In FIGS. 8 and 18, vertical structures VS may be formed in the channel holes CH (S8). Forming the vertical structures VS may include forming an information storage layer FM, a vertical channel pattern SP, and a buried insulating pattern VI, which sequentially cover inner sidewalls of the channel holes CH, and forming a conductive pad PAD thereon.

In FIG. 19, trenches TR penetrating the second mold structure MO2 and the first mold structure MO1 may be formed. The trenches TR may extend along the second direction D2 so as to correspond to a shape of the separation structures SS described with reference to FIG. 5. Lower portions of the trenches TR may expose the lower sacrificial layer LHL. Forming the trenches TR may include an anisotropic etching process.

The lower sacrificial layer LHL exposed by the trenches TR may be replaced with a source semiconductor layer SSL. In detail, the lower sacrificial layer LHL may be selectively removed due to the trenches TR. A lower portion of the information storage layer FM may be exposed as the lower sacrificial layer LHL is removed. An undercut region may be formed by removing the exposed lower portion of the information storage layer FM. The undercut region may expose a lower portion of the vertical channel pattern SP. The lower insulating layer IL3 and the upper insulating layer IL4 may be removed together during removing the lower portion of the information storage layer FM. The source semiconductor layer SSL may be formed in a space in which the insulating structure LIL is removed.
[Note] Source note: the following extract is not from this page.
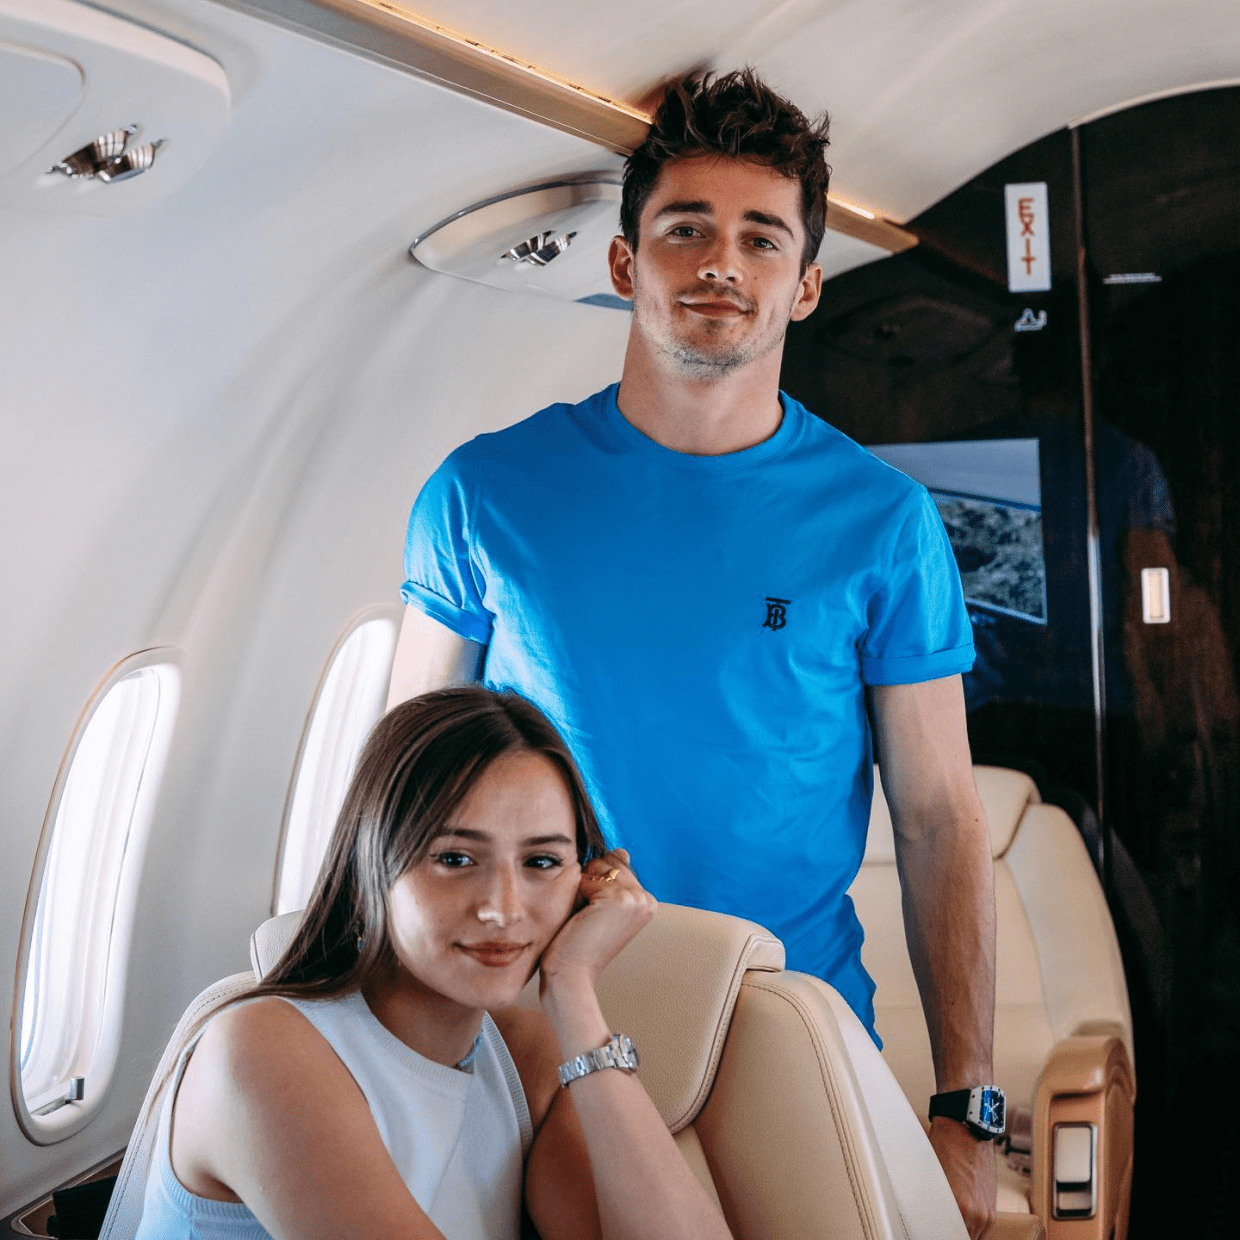 Formula 1: All you want to know about Formula 1’s new WONDER BOY Charles Leclerc, his salary, F1 earnings, glamorous lifestyle, and his stunning girlfriend

The source semiconductor layer SSL may be in contact with the vertical channel pattern SP.

Gate stack structures ST may be formed by respectively replacing the third and fourth insulating layers HL1 and HL2 exposed by the trenches TR with electrodes EL. In detail, the third and fourth insulating layers HL1 and HL2 exposed through the trenches TR may be selectively removed. The electrodes EL may be respectively formed in spaces in which the third and fourth insulating layers HL1 and HL2 are removed. That is, the third insulating layers HL1 may be replaced with first electrodes EL1, and the fourth insulating layers HL2 may be replaced with second electrodes EL2. Separation structures SS may be formed in the trenches TR by filling the trenches TR with an insulating material. The separation structure SS may include silicon oxide.

In FIGS. 5 to 7, a second interlayer insulating layer 161 and first and second contact plugs CT1 and CT2 penetrating the second interlayer insulating layer 161 may be formed on the separation structure SS. A third interlayer insulating layer 162 and vias VA penetrating the third interlayer insulating layer 162 may be formed on the second interlayer insulating layer 161. Thereafter, bit lines BL may be formed on the third interlayer insulating layer 162. Wiring layers may be formed on the bit lines BL.

According to some implementations, a sacrificial pattern including a first sacrificial layer having relatively great adhesiveness with a mold structure may prevent partial loss of the mold structure due to a wet etching process.

According to some implementations, a semiconductor device with more improved yield and reliability may be provided.

While this disclosure contains many specific implementation details, these should not be construed as limitations on the scope of what may be claimed, equivalents thereof, as well as claims to be described later. Certain features that are described in this disclosure in the context of separate implementations can also be implemented in combination in a single implementation. Conversely, various features that are described in the context of a single implementation can also be implemented in multiple implementations separately or in any suitable subcombination. Moreover, although features may be described above as acting in certain combinations, one or more features from a combination can in some cases be excised from the combination, and the combination may be directed to a subcombination or variation of a subcombination.